Chasing the Bear: A Young Spenser Novel
- Cover of the first edition
- Author: Robert B. Parker
- Language: English
- Series: Spenser
- Genre: Detective novel
- Publisher: Philomel
- Publication date: May 14, 2009
- Publication place: United States
- Media type: Print (hardcover)
- Pages: 176 pp. (first edition)
- ISBN: 978-0-399-24776-7
- OCLC: 277203432
- Preceded by: Rough Weather
- Followed by: The Professional

= Chasing the Bear =

2009 novel by Robert B. Parker

Chasing the Bear: A Young Spenser Novel is a 2009 novel by Robert B. Parker. Though set in present day, it is a prequel to Parker's venerable Spenser series of novels. Unlike the rest of the Spenser series, Chasing the Bear is a young adult novel and not strictly detective fiction.

==Plot==

Spenser, while relaxing at a park with his love interest, Susan Silverman, reflects on some experiences in his life as a youth, before becoming a detective.

Spenser conveys that he grew up in an all-male household, his mother dying immediately before he was delivered by caesarean section. His household consisted of himself, his father, and his two maternal uncles. They were all uneducated, but eager to learn, worked in construction, and boxed from time to time to earn extra money. His uncles taught him to box from a very young age, three years old. They also read volumes of classic novels to him at night.

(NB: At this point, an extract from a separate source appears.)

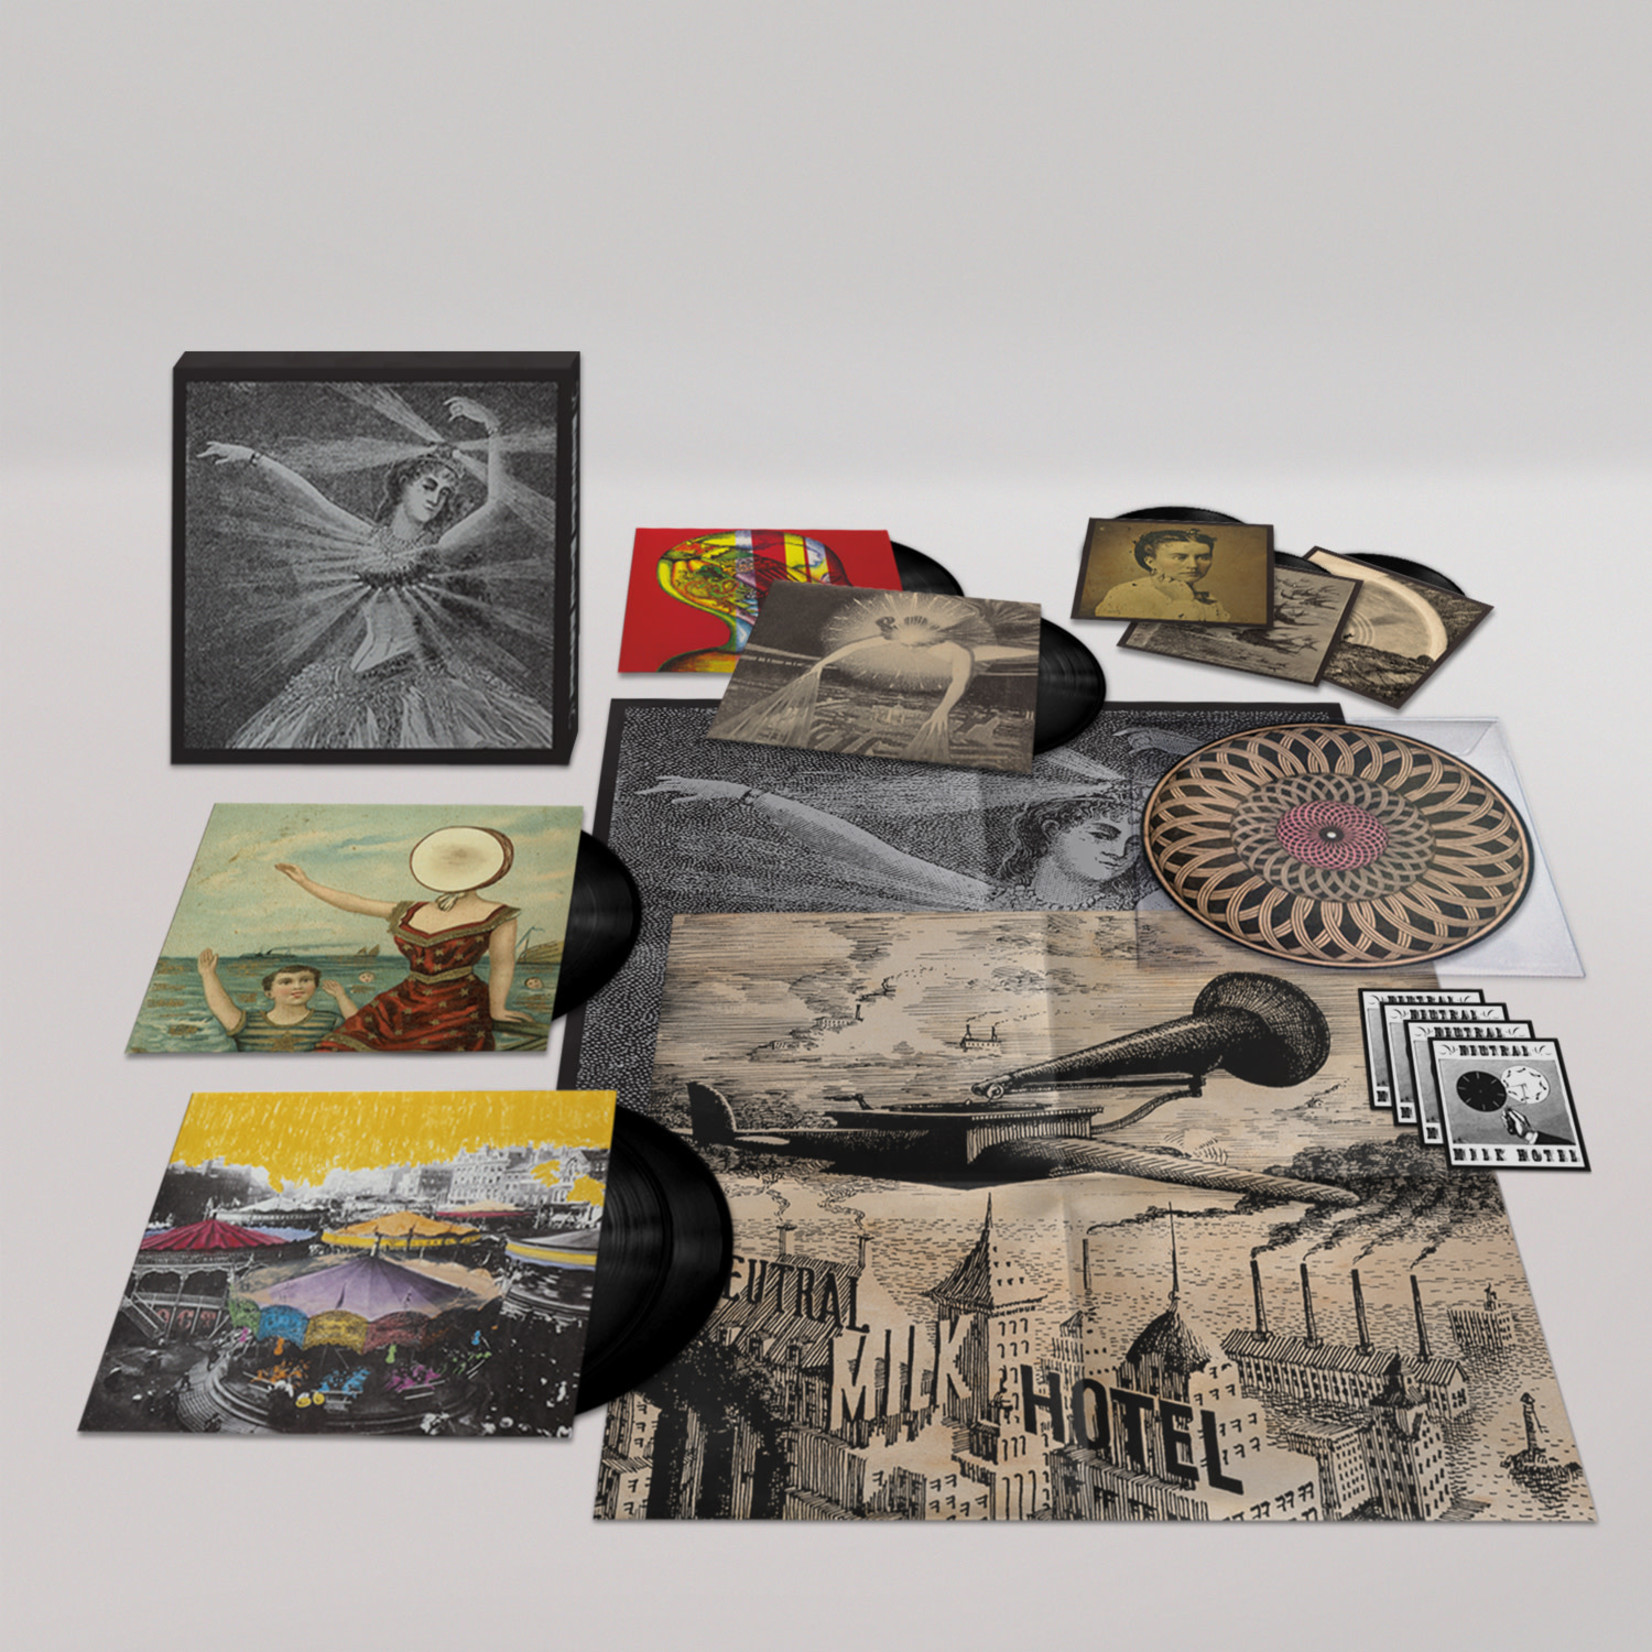 Merge Neutral Milk Hotel - The Collected Works of Neutral Milk Hotel (4LP+2x10"+3x7")

The main narrative conveys Spenser's adventures with a girl, Jeannie Haden. Jeannie was about Spenser's age, but was just a friend. Her father was an abusive drunk. One day Spenser saw her in her father's car, mouthing the words "Help" over and over again. Spenser, along with his dog, Pearl, follows the car and, eventually, Jeannie's father's boat down a river. He locates her and her father on a small island in the river, next to a lean-to. After a brief encounter with her father, Luke, Spenser is able to rescue Jeannie some time later.

They escape downriver on Spenser's rowboat, eventually leading Luke Haden to his death. Spenser's father and uncles tell him he "did good" and needn't report the death, or his role in it. But he does, but the local law enforcement doesn't charge Spenser with any crime.

Spenser relates that Jeannie had a crush on him, but he didn't return her amore. But he managed to let her down and remain friends.

As a favor to Jeannie, he goes on to protect a student of Mexican descent, Aurelio Lopez. Lopez was targeted by white classmates and beaten up on occasion. After Spenser's protection, he doesn't get bullied any longer. However, his relationship with Lopez alienates him somewhat from his white classmates, many of whom he had known since the first grade.

At the end, Spenser is confronted by the entire white gang of about fifteen boys. Before any fighting convenes, Spenser's father and uncles arrive and mediate a fair fight between just Spenser and the leader of the gang, Leo Roemer. Because of his boxing training, Spenser quickly wins the fight. He doesn't have any trouble from the gang following the showdown.

The recollection ends with Spenser going off to college in Boston on a football scholarship. After an injury his second year, he loses his scholarship and is unable to afford any further schooling and joins the police force, choosing to stay in Boston rather than returning to his home town.

==Reception==
Chasing the Bear was received favorably by most critics, though some noted that it is probably better suited towards older young adults (mid-teens) rather than typical young adult books, which target a younger audience. Some critics found the switching between present-day and past to be distracting and felt it may alienate younger readers new to the series. Critics pointed out that there is no one mystery Spenser pursues, but rather shorter adventures which may disappoint some fans of the series.

However, at least one critic, Sarah Weinman for Los Angeles Times, said the book "ends up being an opaque window into Parker's continued creative decline" and that young readers will probably care little for the book or Spenser who is "far removed from his 1970s glory days."